Céline Dion: There Are No More Problems In the Sky
She was the surprise guest at the Olympic opening ceremony: Céline Dion, almost alone in the Eiffel Tower. You have to appreciate their comeback—even without being a fan.
One doesn’t need to be a Céline Dion fan to find her comeback performance at the Olympic Games admirable. One doesn’t even need to find the Olympic Games interesting or consider the Eiffel Tower more than a tourist trap.
Céline Dion is back, at least she was for three minutes when she sang “L’Hymne à l’amour,” the song by French chanson icon Édith Piaf. It was genuine and without playback—the unmistakable voice of Céline Dion. A bright spot in the dark, rainy Parisian midnight sky.
For days, there had been speculation about Dion’s alleged two-million-dollar fee for her appearance. Would the 56-year-old Canadian, who is revered in France, really perform? France’s President Emmanuel Macron had stated he would be pleased to have Dion as a star guest at the show, but it didn’t seem realistic. Isn’t Céline Dion ill? And has lost her voice, it was said. The headlines of recent years were too tragic.

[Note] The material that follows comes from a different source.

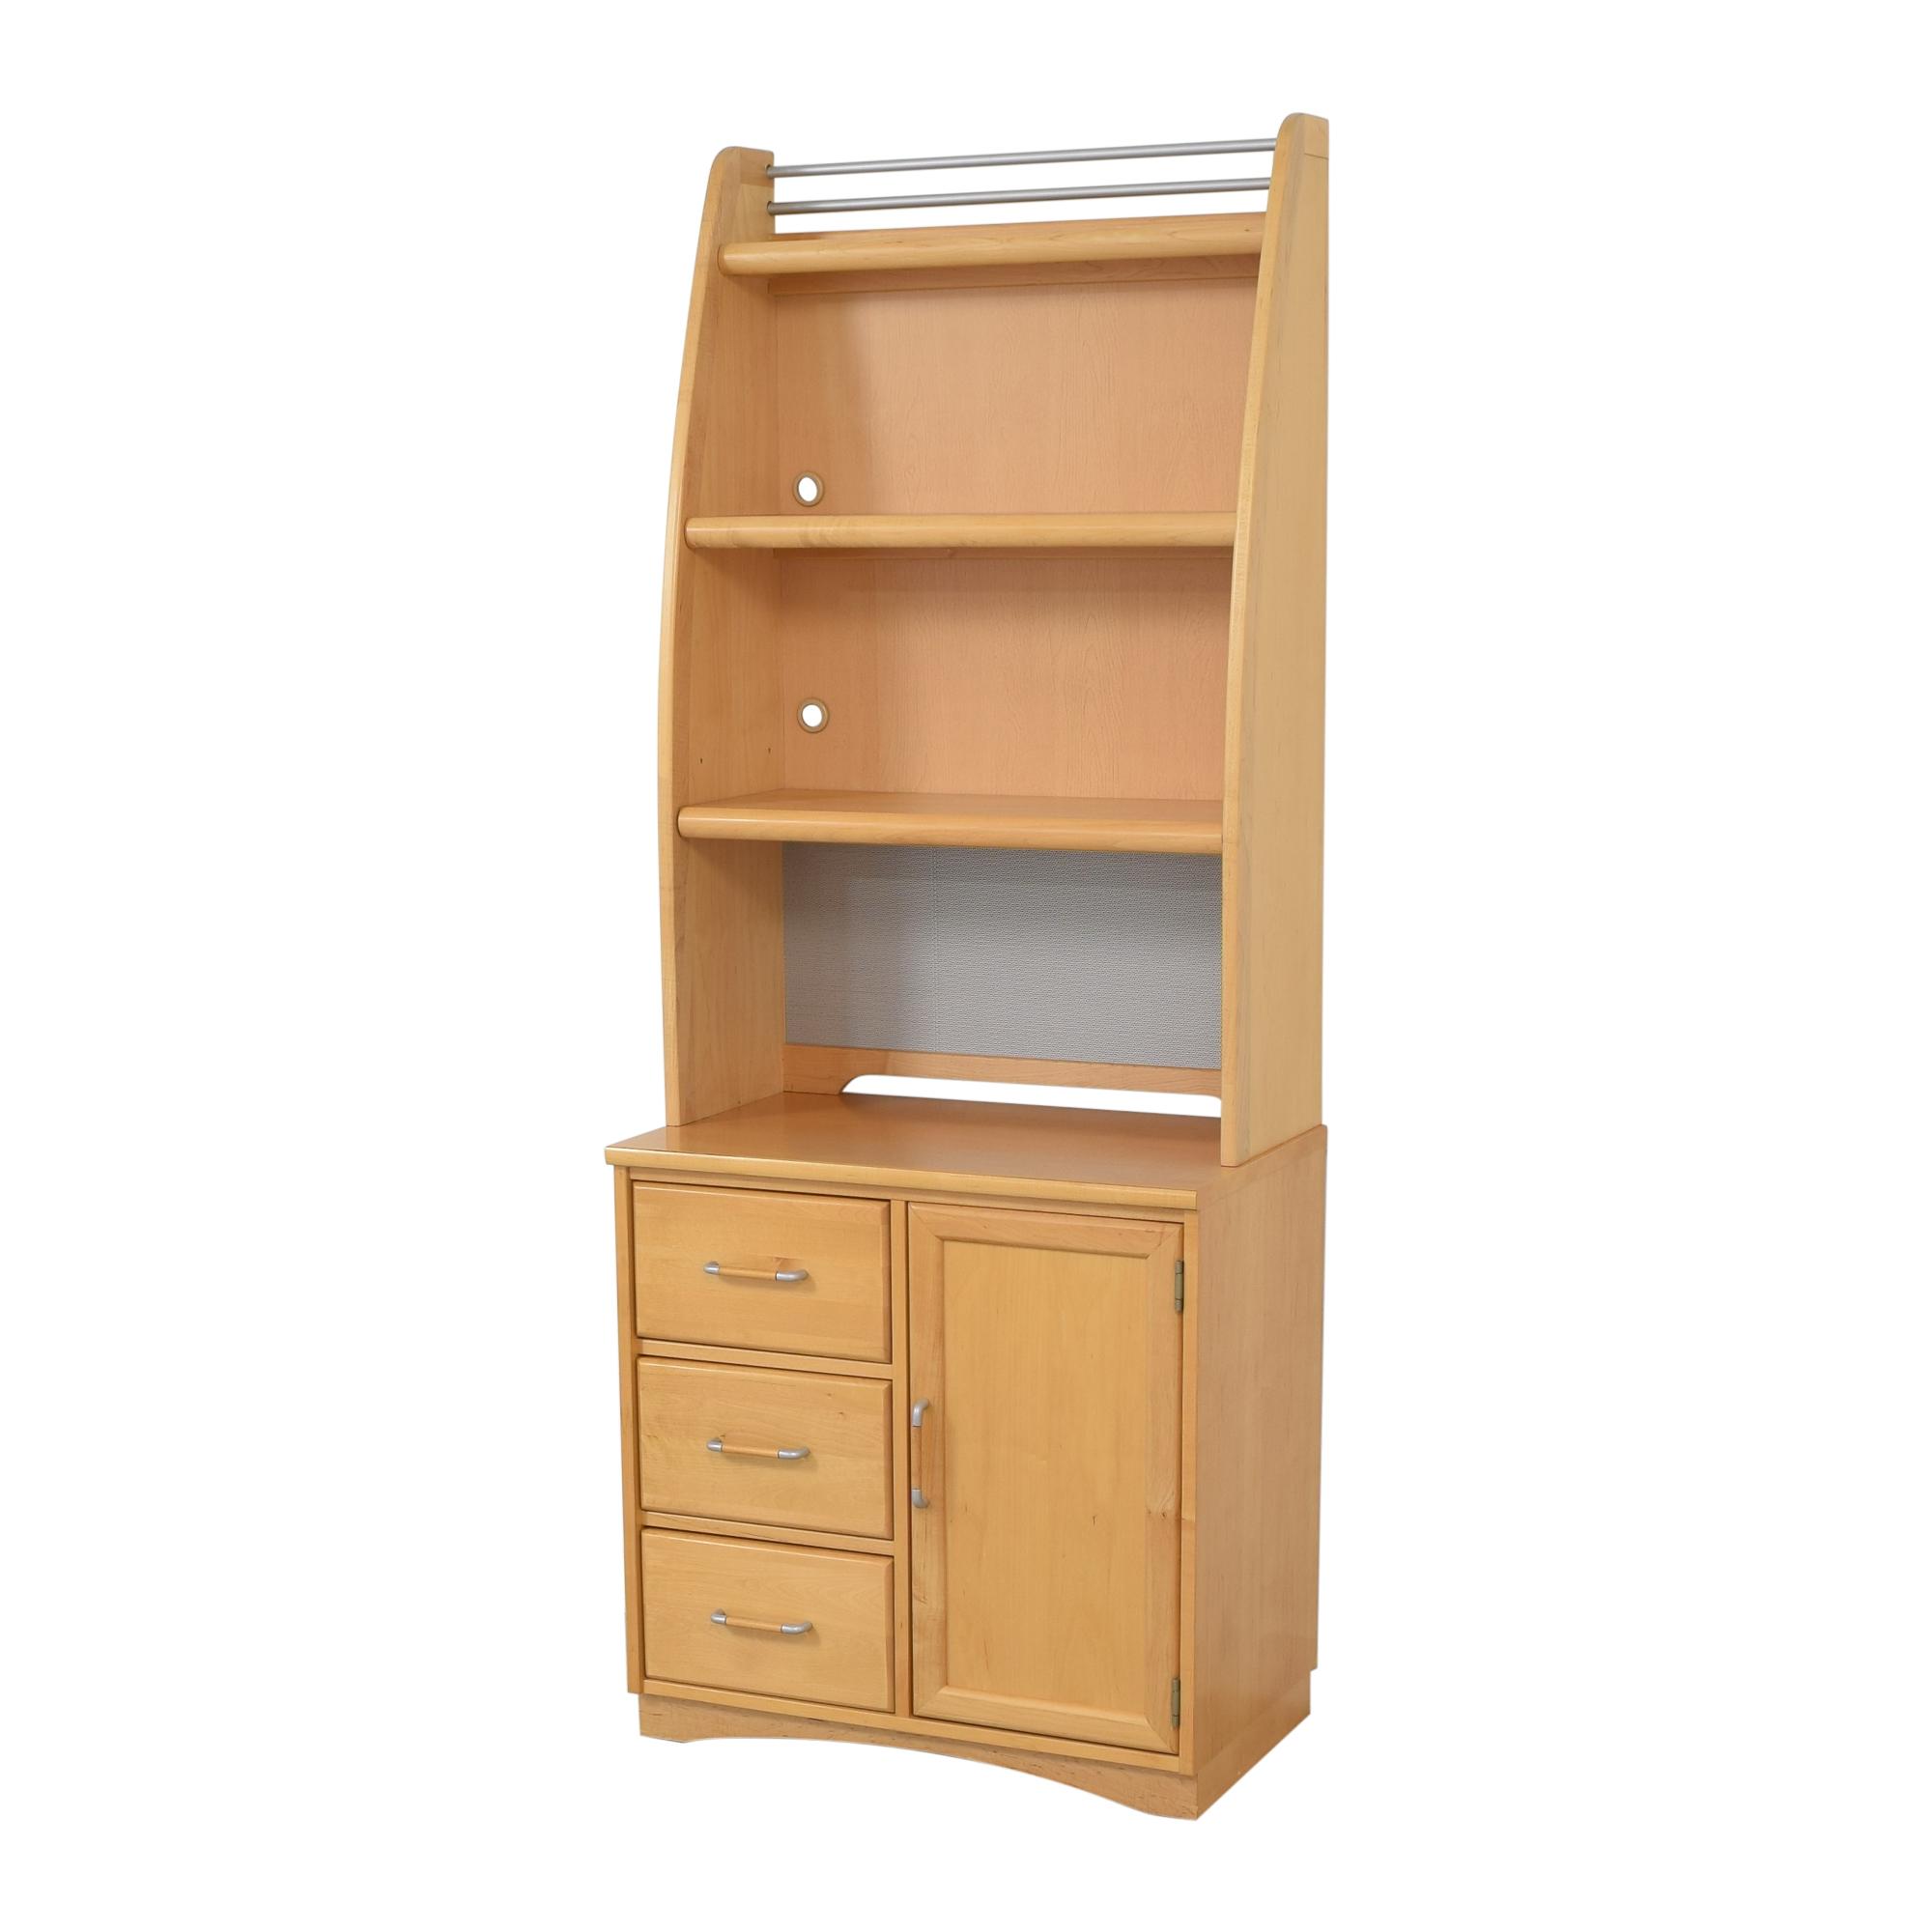 Stanley Furniture Stanley Furniture Modular Computer Storage Bookcases & Shelving

And then, around midnight, at the end of the four-hour spectacular show on the Seine, a strong and courageous woman stood on the Eiffel Tower, someone you wouldn’t have thought could still manage a live performance.
She herself hadn’t believed it for a long time. Courage was the name of her last album in 2019, and courage is what you need when you have a rare neurological disorder: Stiff-Person Syndrome, which she described in a June TV interview with the BBC as feeling like someone is strangling you.

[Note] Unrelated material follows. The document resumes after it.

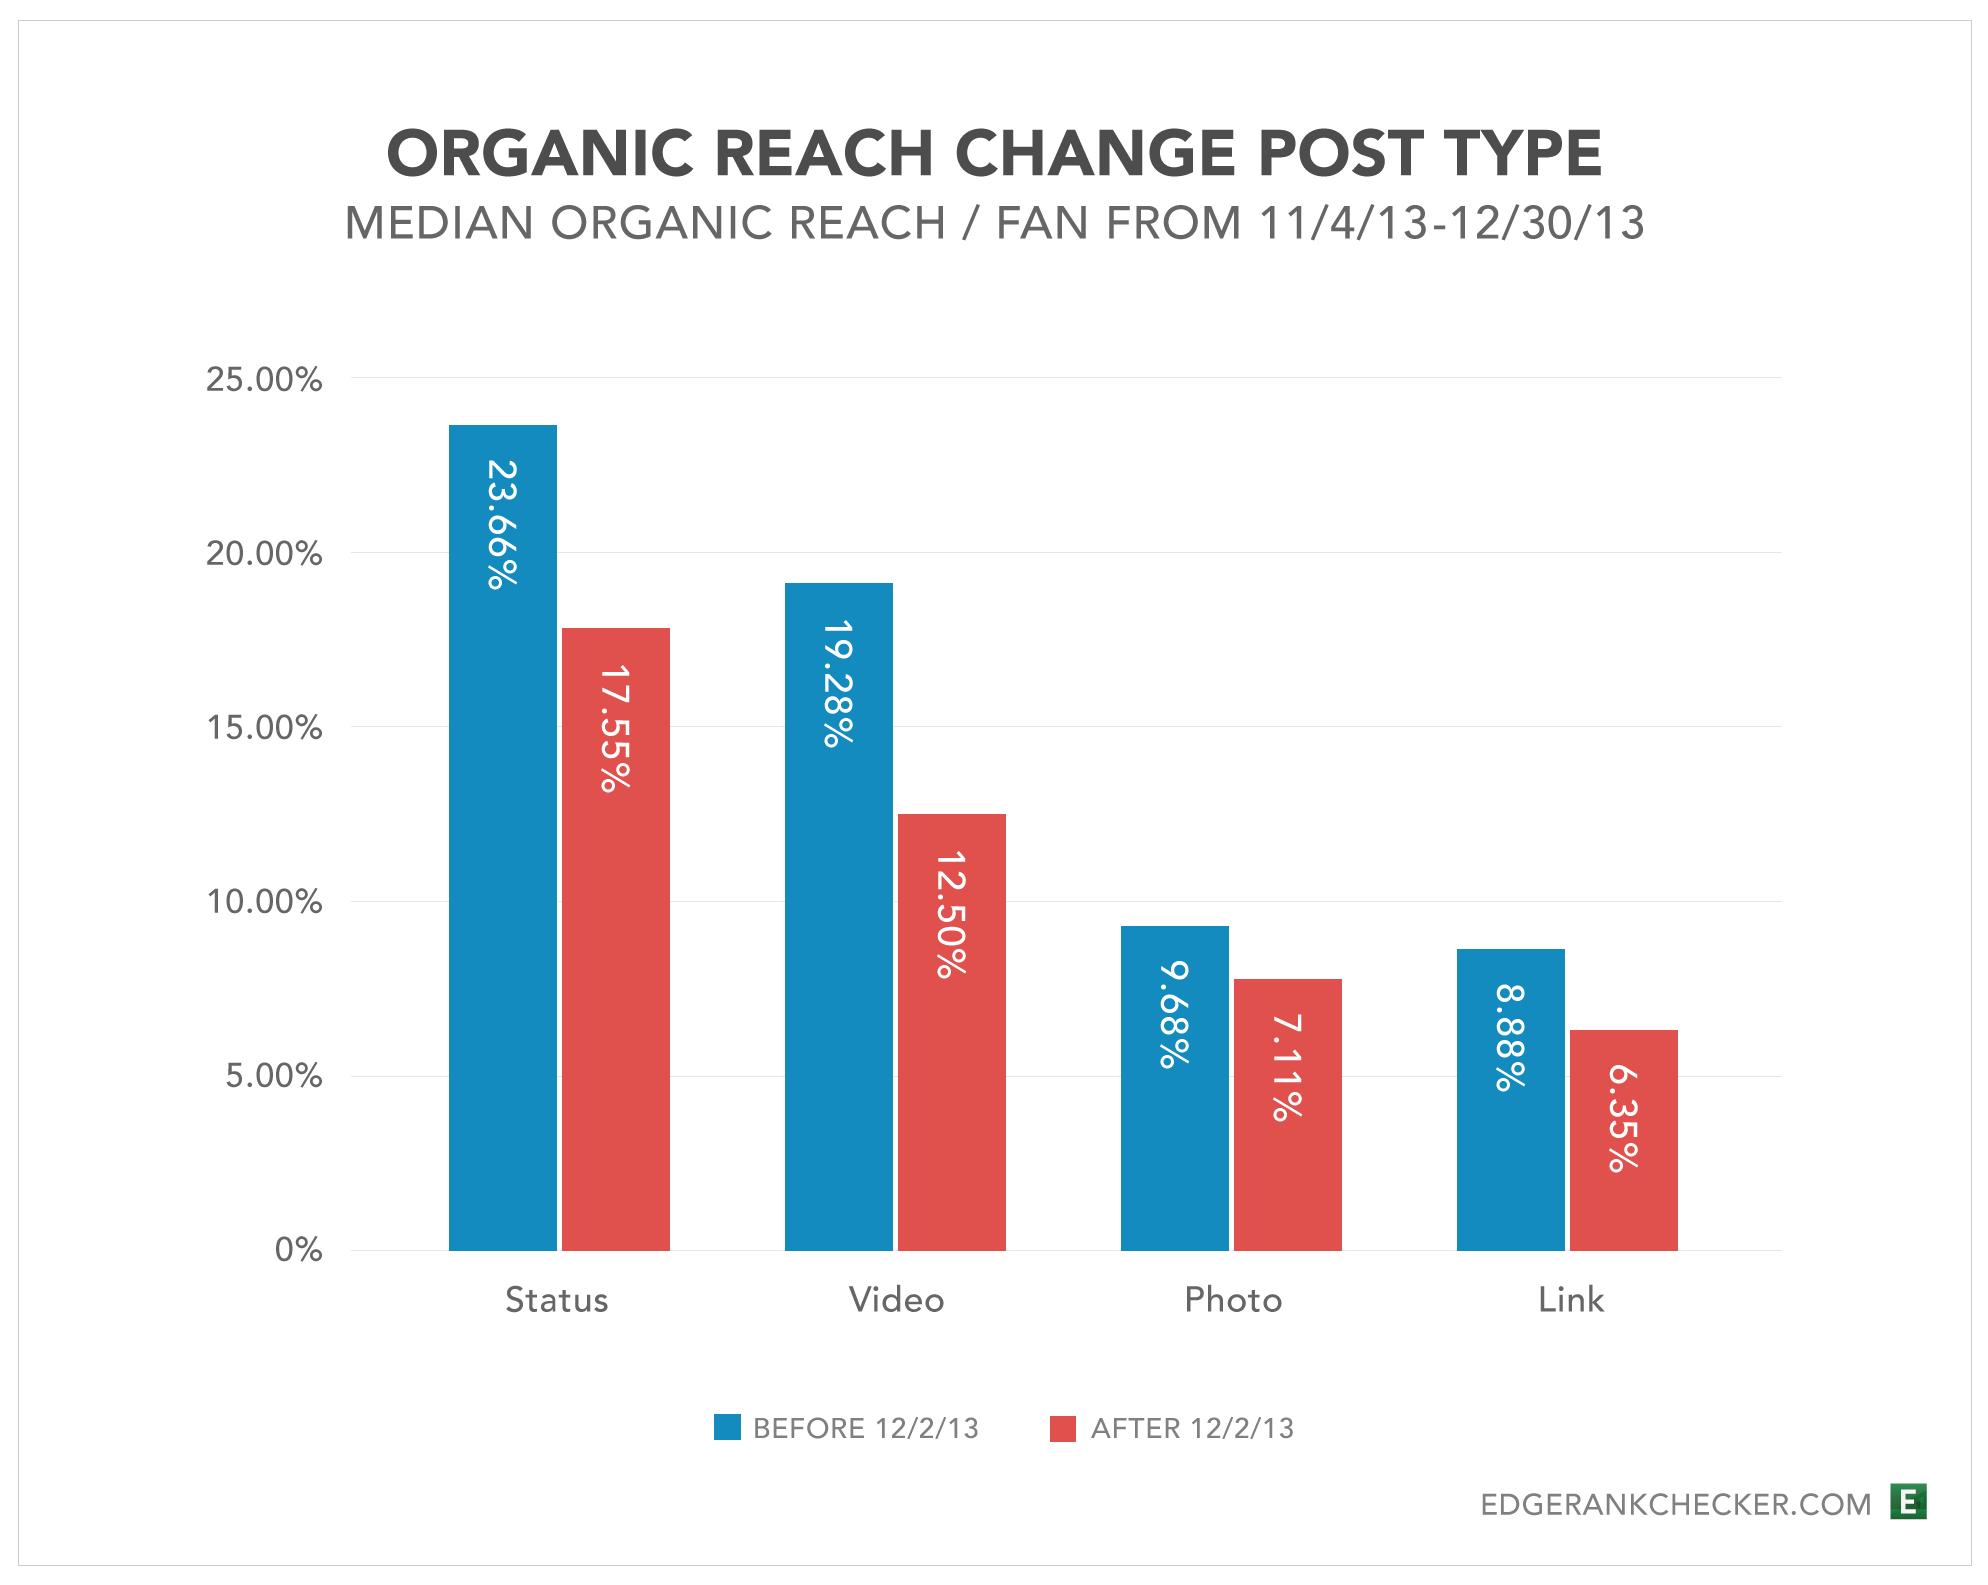 Organic reach change post type

The severe cramps, which, among other things, affected her throat and thus the area of her body where her voice resides, took away the capital of her career. Due to a rare neurological condition, she had to cancel all performances on her Courage World Tour for 2023 and 2024 and gave only a few interviews.
For 17 years, she hid the illness from her fans, only speaking about the pain for the first time in her recently released Amazon Prime documentary, I Am Céline Dion. She only went public with it when she could neither sing nor perform. Presumably an extreme psychological burden. In her documentary, she says, among other things, that it’s not hard to give a show. “What’s hard is canceling a show.”
Before her illness, Dion was one of the most successful musicians of her generation, having sold more than 250 million albums worldwide—half as many as Madonna.
For many years, her career kept going up: She became famous in the USA with the title song for the Disney film Beauty and the Beast. In 1994, her first US number-one hit, “The Power of Love,” followed her version of the legendary Jennifer Rush ballad. She became known worldwide with the Titanic soundtrack hymn “My Heart Will Go On.”
Then she disappeared—only to secretly and hard work on returning to the spotlight over the past two years. In May, she explained to Vogue about dealing with her illness: “There were only two possibilities: Either I train like an athlete and work super hard, or I switch off, and it’s over, stay at home, listen to my songs, stand in front of the mirror and sing only for myself.”
Dion and her advisors still know how good marketing works, of course, and her comeback also shows this to the heights of the Eiffel Tower. What could have been more fitting than performing at the opening of the Olympic Games in front of real athletes? And who else but Céline Dion should have sung up there in front of all of France?
And then it was also her second time being allowed to sing at an opening ceremony of the Summer Olympic Games. Back then, at the Summer Games in Atlanta in 1996, she was half as old as she is today. With a medium-length bob and a rather demure white two-piece outfit, she sang “The Power of the Dream” at that time.
What was her dream? Vogue wanted to know in May. “My goal is to see the Eiffel Tower again!” Dion replied. Was her performance perhaps already planned then? It would have been a well-guarded French state secret in any case.
She wouldn’t have stood up there on the Eiffel Tower for fame, the million-dollar fee, or even more streaming views of her documentary. Céline Dion has probably earned enough money in her career. She said in an interview that she wanted to encourage others affected by the disease.
And so one can celebrate Céline Dion’s performance for what it was: a hymn to life. And the proof of a fighter that life may sometimes be difficult.